As it happens I think things have already changed because of MMR – especially in the media. I have been in rooms when editors admitted they called it wrong on MMR and claimed that they defer to their specialist science and health reporters more because of the fallout from that story. It’s also the case that one of the reasons MMR comes up so often in every discussion about science in the media is that there are no more recent examples with quite the same wide-reaching impact. The fact that a scare story that broke 13 years ago is still being discussed suggests that to some extent, all of us are doing things differently. I would certainly like to think that the presence of the Science Media Centre now means that the scientific community engages more effectively and more swiftly when extraordinary claims are made on weak evidence.

There has been talk of compulsory vaccination. David Salisbury, Director of Immunisation at the UK Department of Health argues that vaccination coverage can be increased by improving immunisation services – but he argues that, even after the MMR scare, compulsory vaccination “was never considered” and “would probably have made matters much worse.” This is clearly an area riven with some ethical complexity.
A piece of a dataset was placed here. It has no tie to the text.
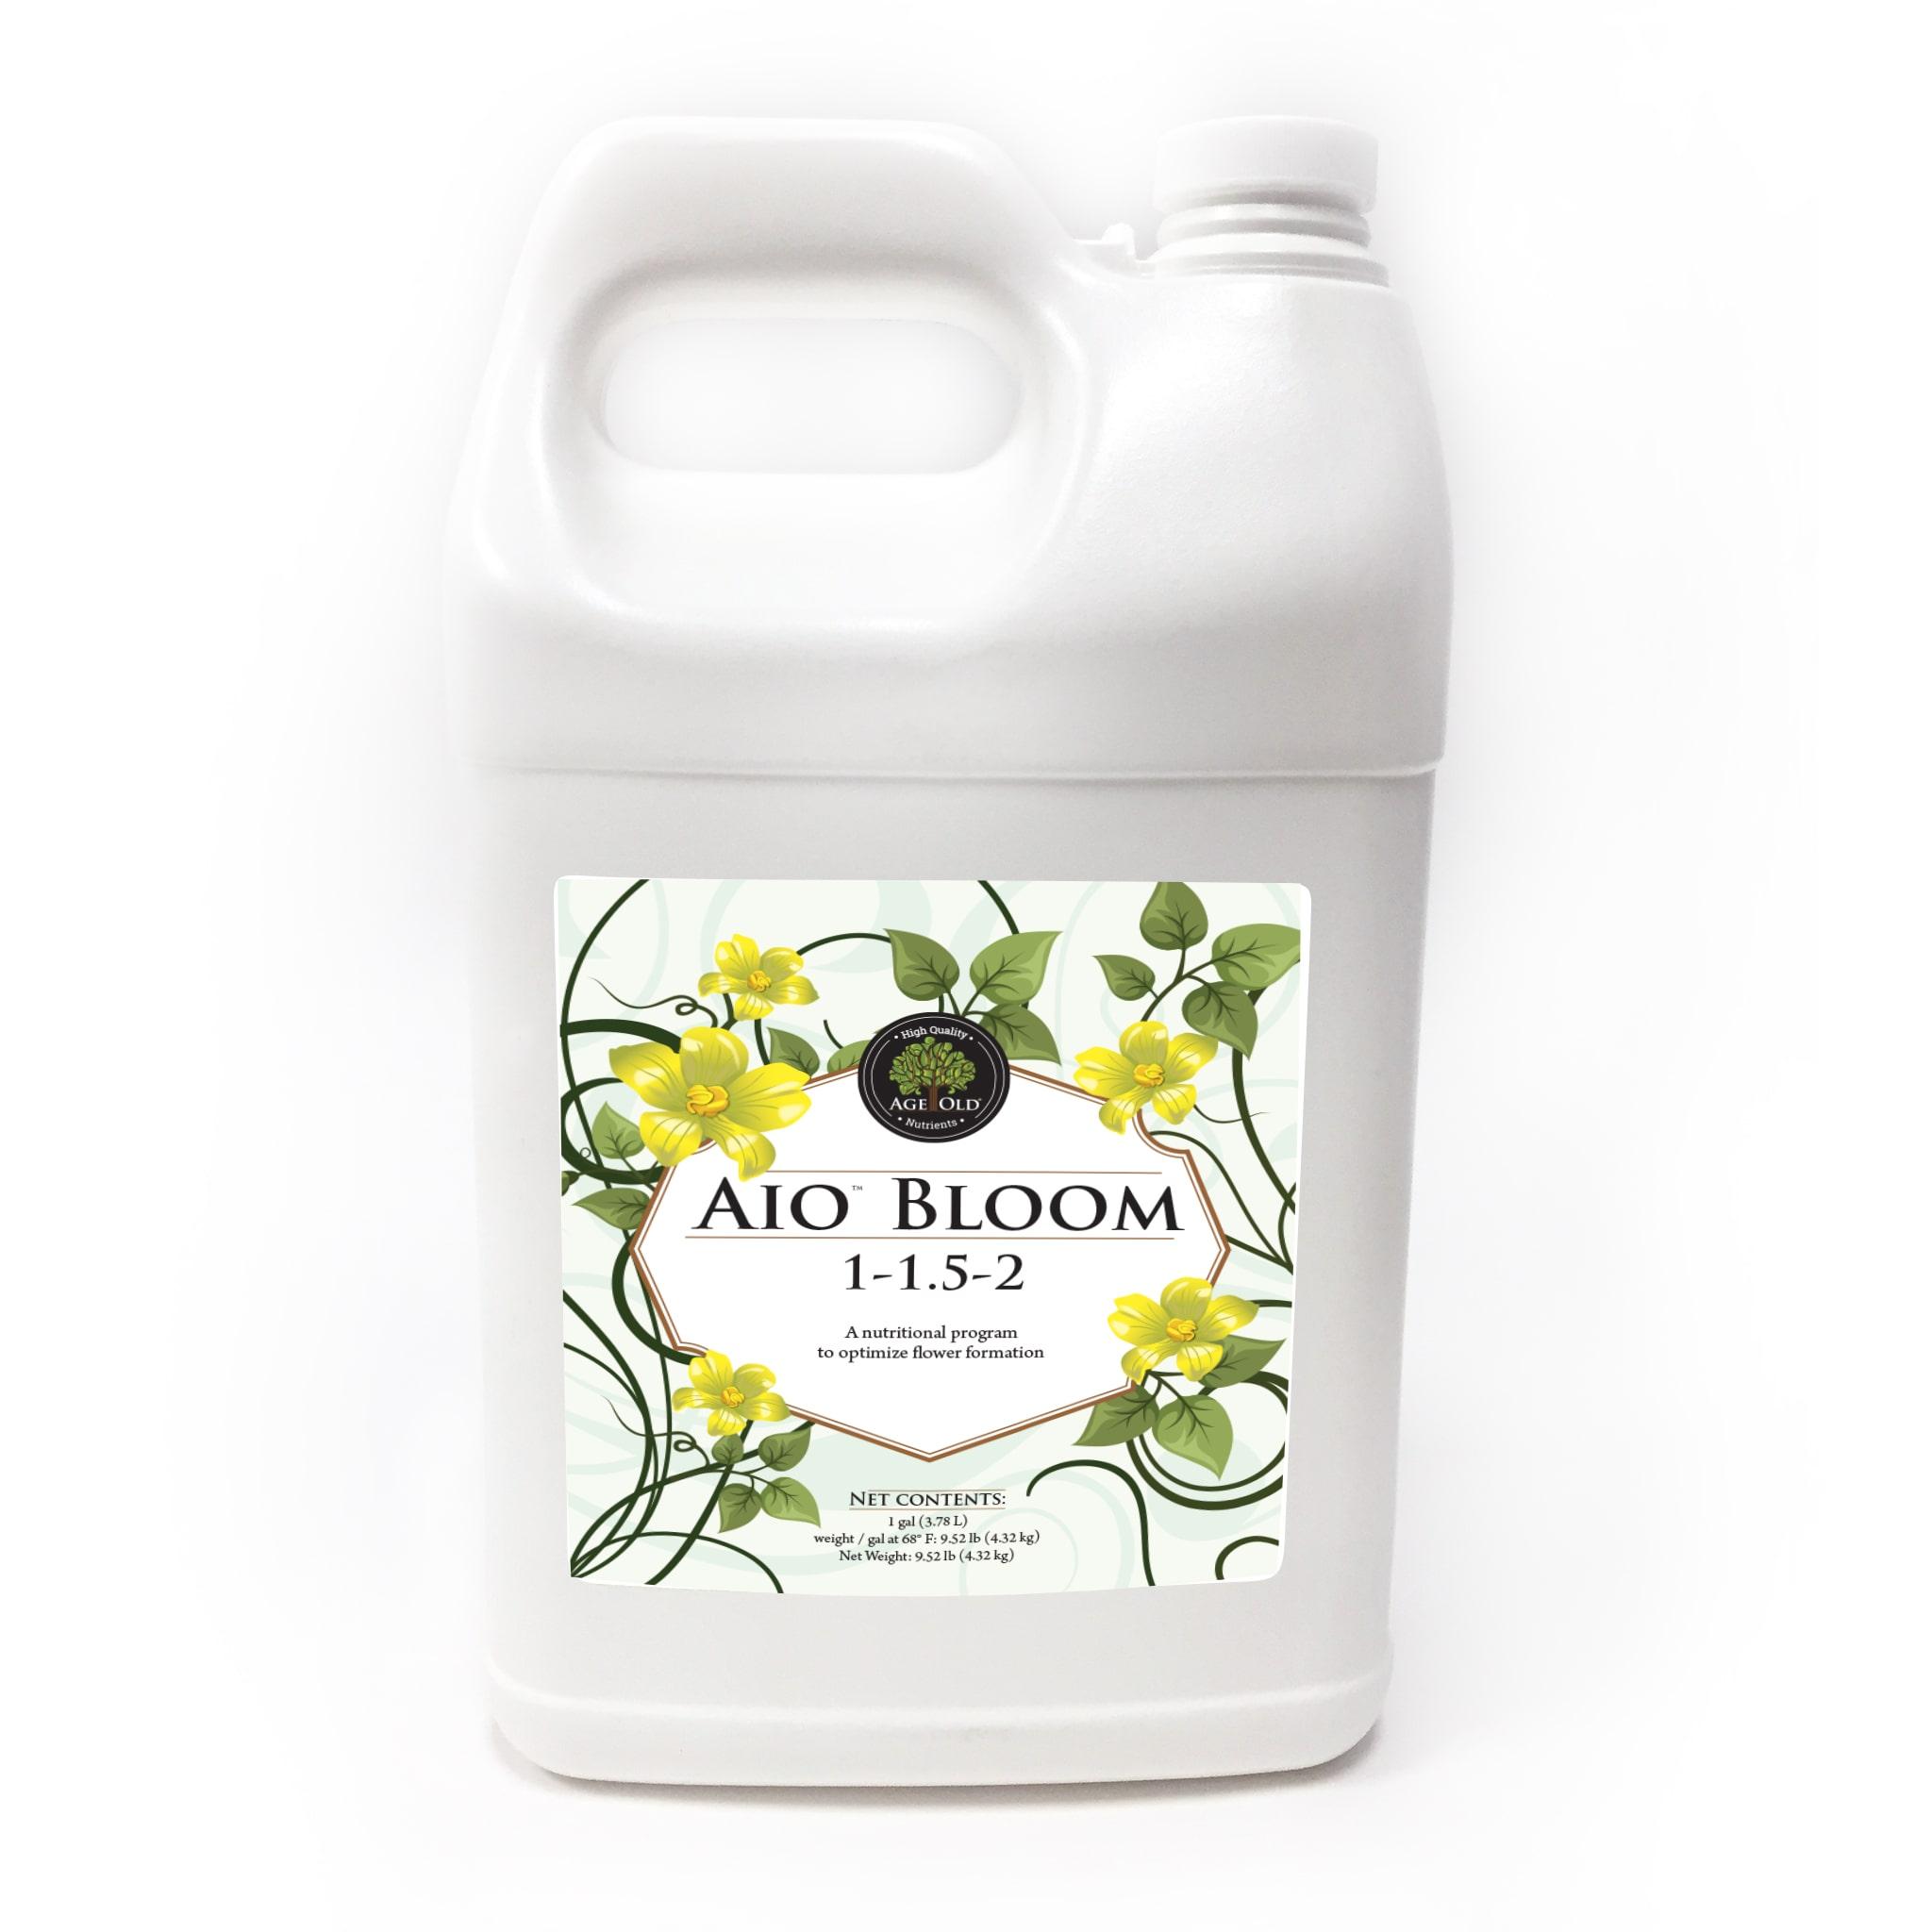 aio bloom 1-1.5-2 gallon

But where do the public feature in this debate? The decision to immunise appears straightforward to medical professionals but clearly causes considerable anxiety for some parents. Measures to counteract this need to extend beyond simple arguments about ‘improving immunisation services’.  I conducted a study of orthodox Jewish mothers in London to explore the assumption that poor access to immunisation services was the main reason for low uptake of childhood vaccinations. With very large families, often of 9 or more children, it seemed reasonable that it might be difficult to take children to health clinics and that staff at those clinics might lack cultural sensitivity – i.e. that reasons for low rates of immunisation would not be related to mainstream media debates. Members of this community maintained distinct boundaries with outsiders. Unlike the wider population, orthodox Jewish mothers were assumed to be relatively insulated from direct media influence. However many of the mothers I spoke to were just as concerned about the risks of vaccination. As one said,

This [child] hasn’t had the MMR yet, because of all the scares. The other two [children] had everything”.

Another added,

I’m hearing so many different things about [the MMR] that I just don’t know…there’s so much about autism and all these horrible things and measles, mumps and rubella aren’t really deathly [sic] diseases. I’m kind of leaning towards not doing it.
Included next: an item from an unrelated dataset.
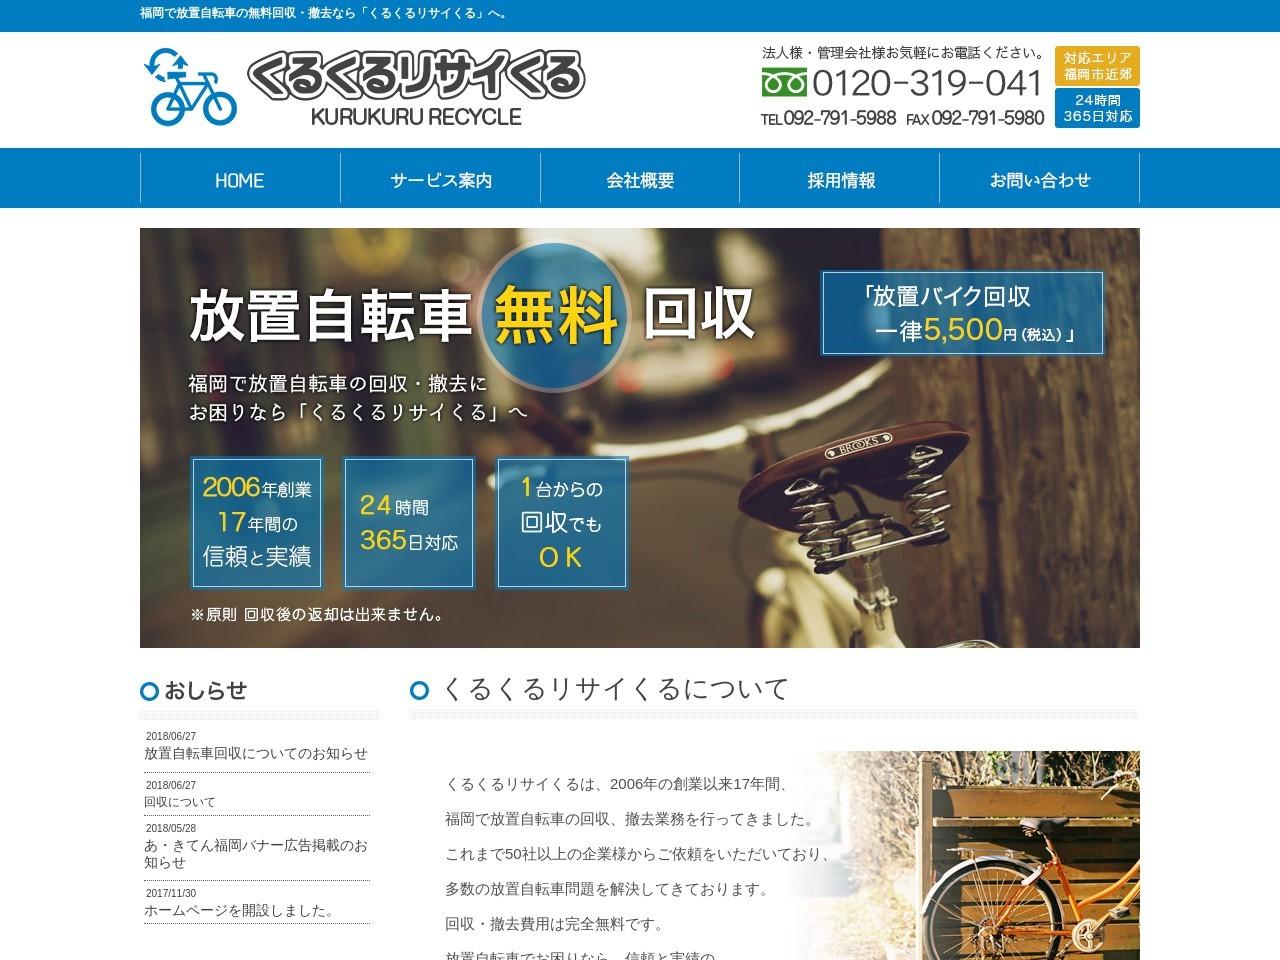 福岡 放置自転車の無料回収・撤去|くるくるリサイくる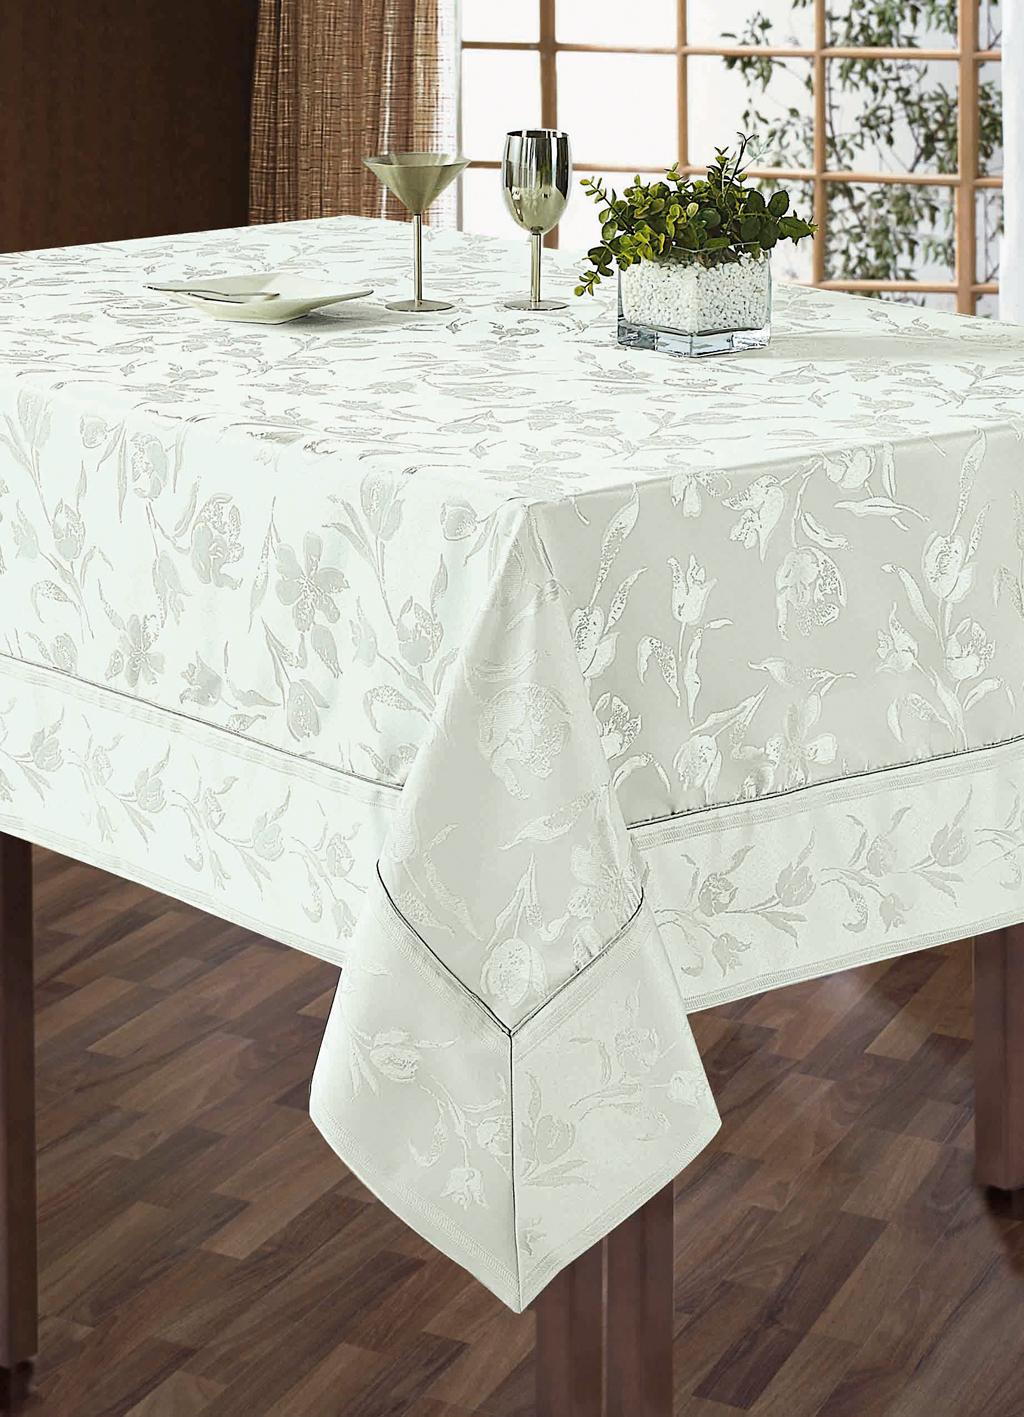 Комплект столового белья SL, цвет: белый, 5 предметов. 1010510105Роскошный комплект столового белья SL состоит из скатерти прямоугольной формы и 4 квадратных салфеток. Комплект выполнен из жаккарда с изящным цветочным рисунком. Комплект, несомненно, придаст интерьеру уют и внесет что-то новое. Использование такого комплекта сделает застолье более торжественным, поднимет настроение гостей и приятно удивит их вашим изысканным вкусом. Вы можете использовать этот комплект для повседневной трапезы, превратив каждый прием пищи в волшебный праздник и веселье.Жаккард - это гладкая, безворсовая ткань сложного плетения, в состав которой входят как синтетические, так и органические волокна. У изделий из жаккардовой ткани гладкая и приятная на ощупь фактура. Его контурный рисунок, созданный благодаря особому плетению, выглядит дорого и изящно. Здесь воссоединились блеск шелка и уютная мягкость хлопка. Жаккардовые ткани очень прочны и долговечны, очень удобны в эксплуатации. Скатерть - 1 шт. Размер: 150 см х 180 см. Салфетки - 4 шт. Размер: 40 см х 40 см.Комплект упакован в красивую подарочную коробку.

In this community social networks were an important source of rumours circulating of adverse reactions to vaccinations. The origins of these rumours were media scares and they were transmitted easily throughout the community regardless of physical proximity. Social networks have an important role to play in creating a culture in which it is ‘normal’ to immunise. The media and specialist health and science correspondents in particular have been blamed for fuelling the 1998 MMR crisis but we know that media can play an equally powerful role in modifying health related behaviour in positive ways. US prime time drama has tackled the topic of immunisation through prosocial storylines. In detective series Law and Order a two year old child is found to have died from encephalitis after she contracts measles from a boy who was not immunised. Producer and paediatrician, Neal Baer explained, “[the story] raised this really interesting question about not only what is your responsibility to your own child but to the community of children. It made the show more complex than ‘I know what’s best for my child’.

Surely the current situation in South Wales could have been predicted and a strategy developed to counteract this ‘legacy’ of misinformation? Perhaps a health communications campaign that addresses wider societal values such as the impact of our actions on a ‘community of children’ rather than emphasising individual choice would be more effective in persuading parents to vaccinate despite their fears.